===== Data segment
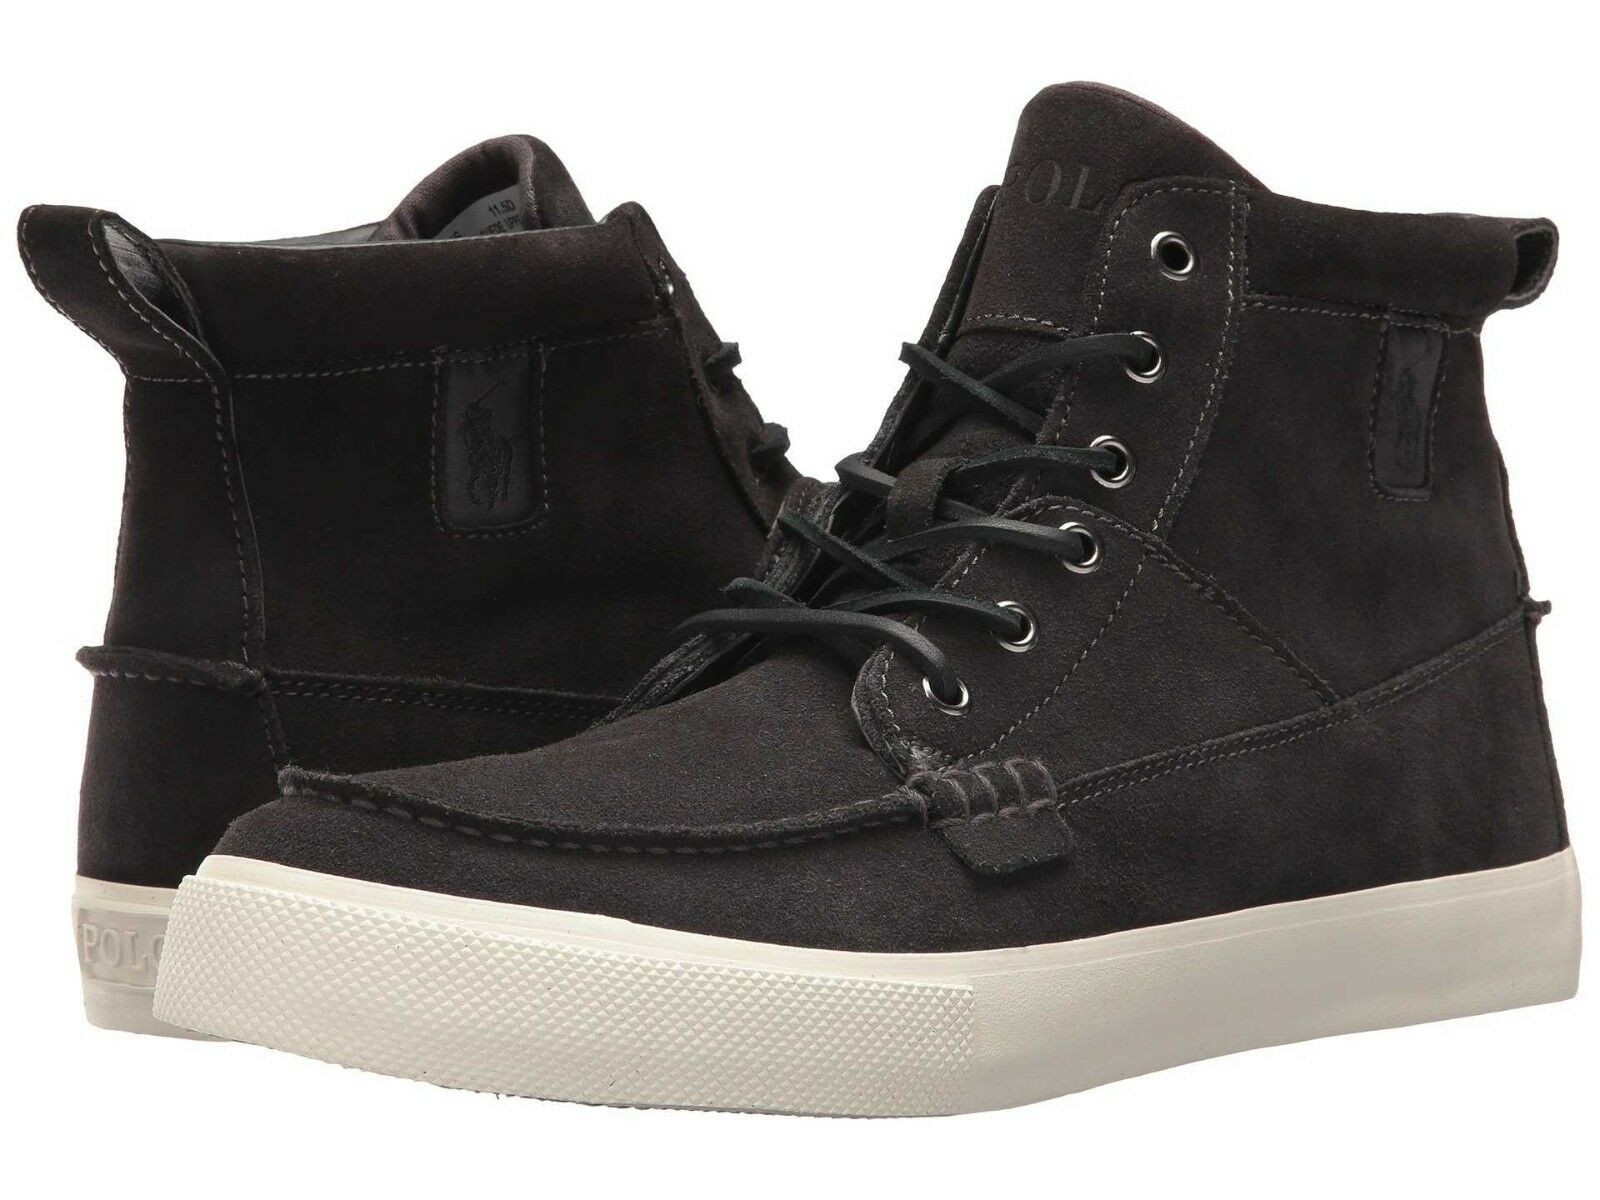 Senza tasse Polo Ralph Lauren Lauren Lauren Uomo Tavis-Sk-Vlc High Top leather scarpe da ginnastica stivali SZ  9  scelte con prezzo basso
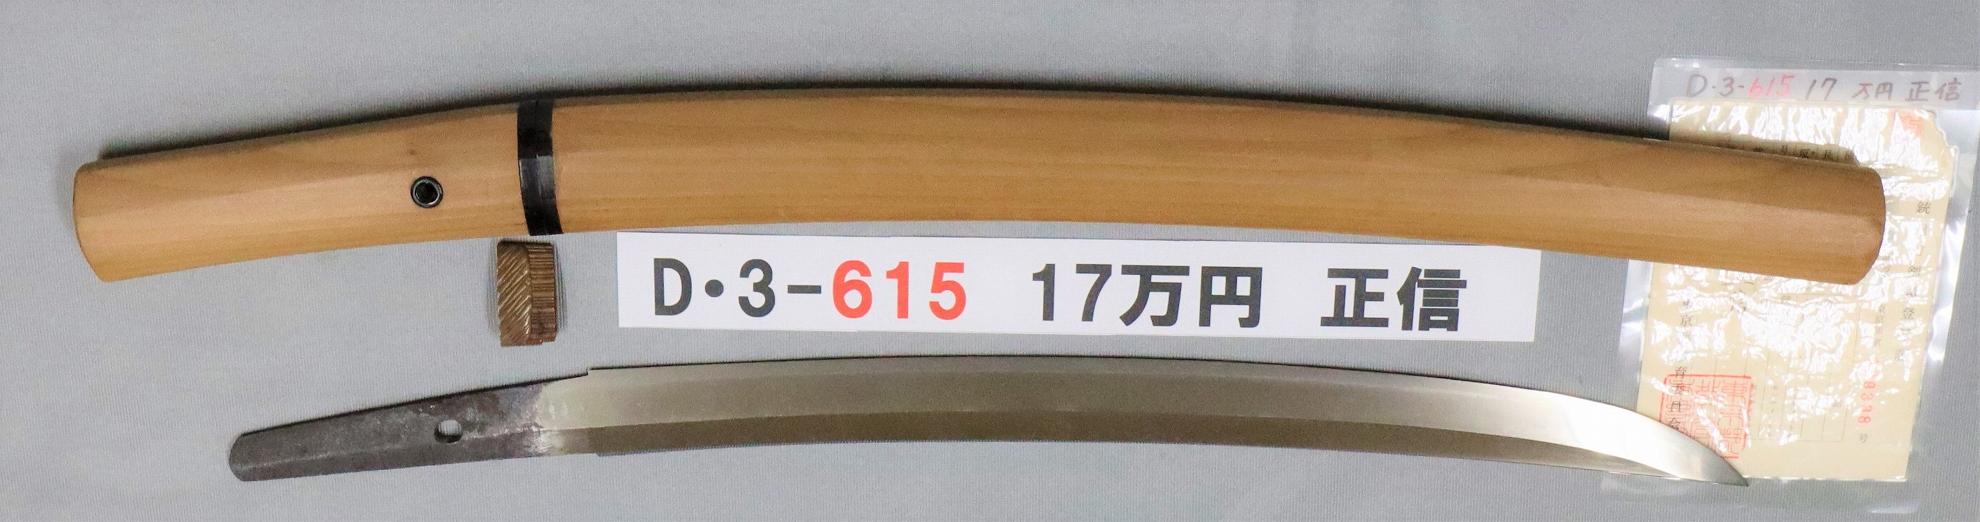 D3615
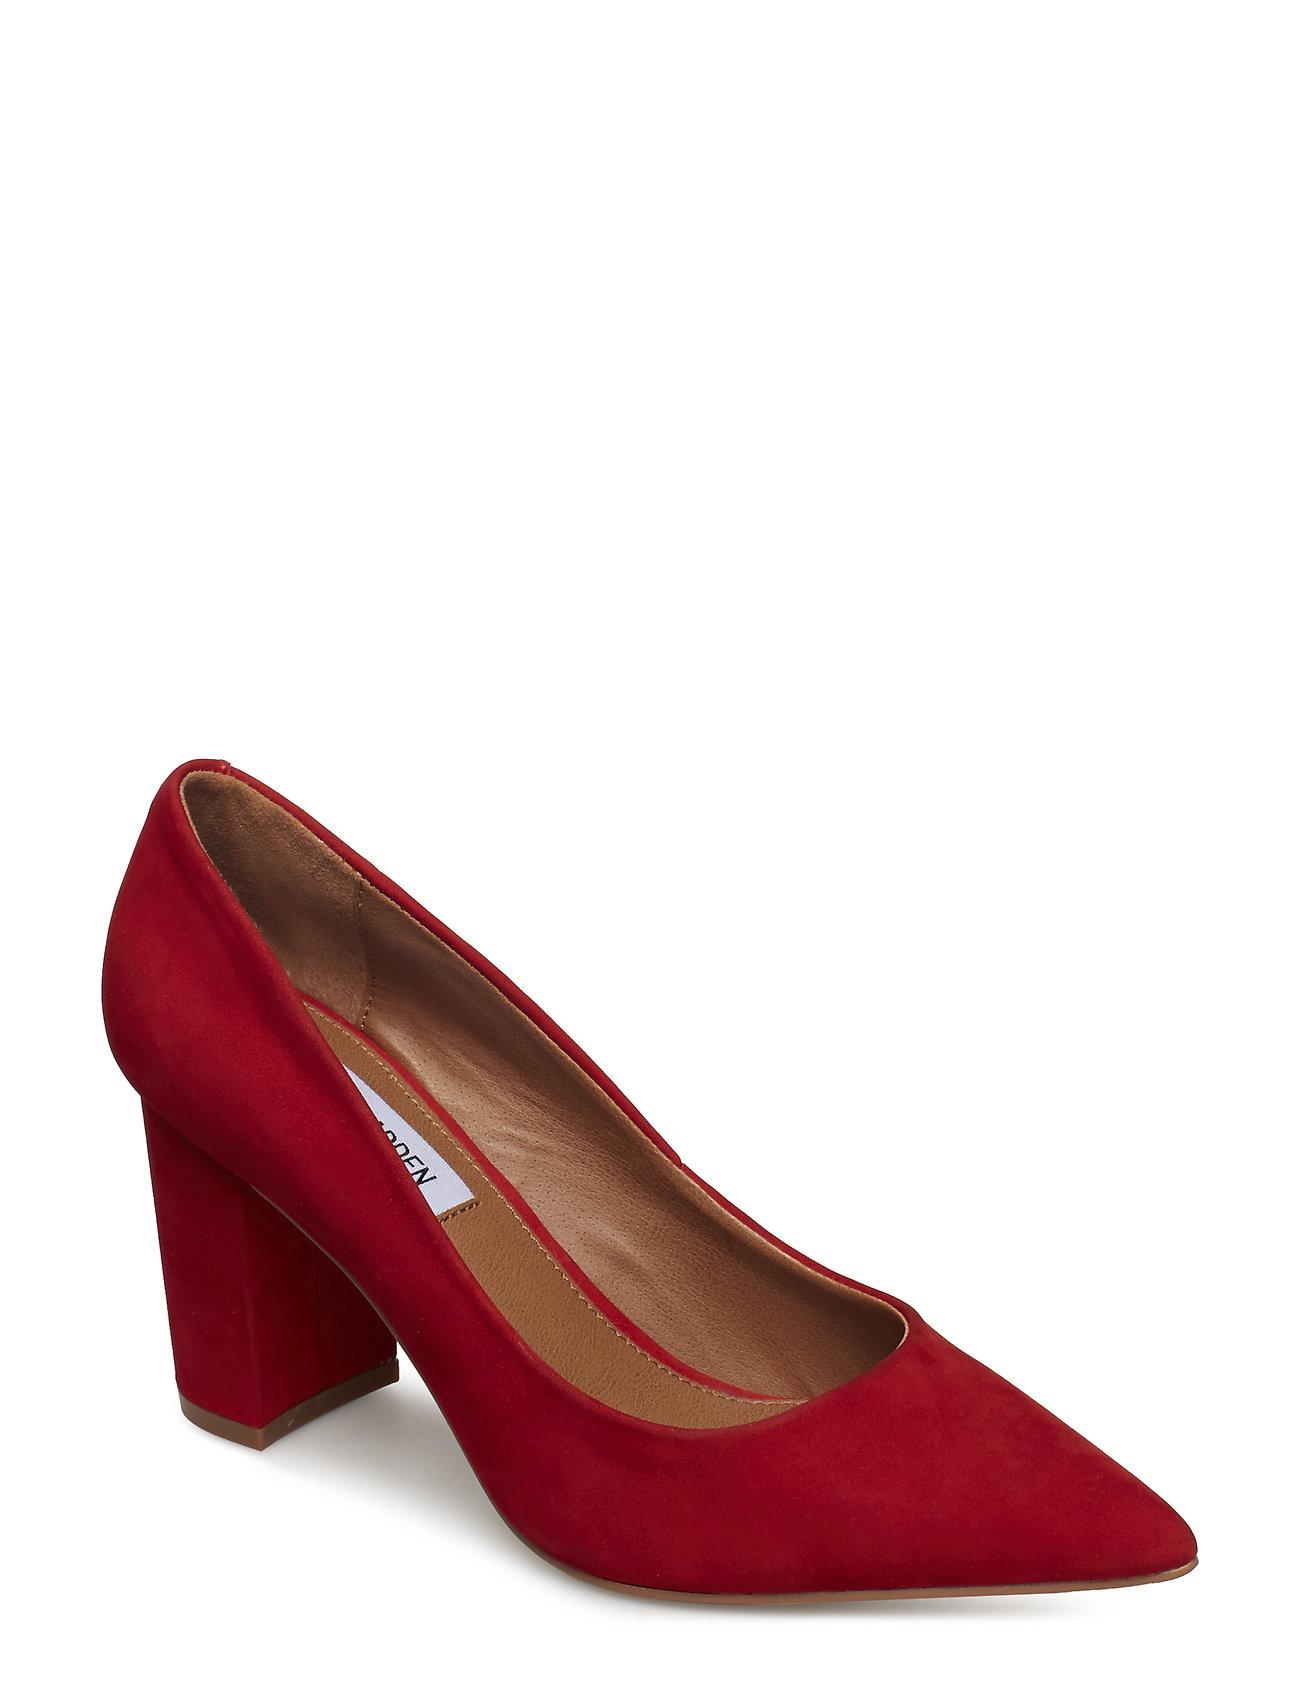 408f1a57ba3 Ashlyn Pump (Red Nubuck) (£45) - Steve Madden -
==========
Once the pictures are set aside, please output all the data word for word.

 Senza tasse Polo Ralph Lauren Lauren Lauren Uomo Tavis-Sk-Vlc High Top leather scarpe da ginnastica stivali SZ  9  scelte con prezzo basso
 D3615
 408f1a57ba3 Ashlyn Pump (Red Nubuck) (£45) - Steve Madden -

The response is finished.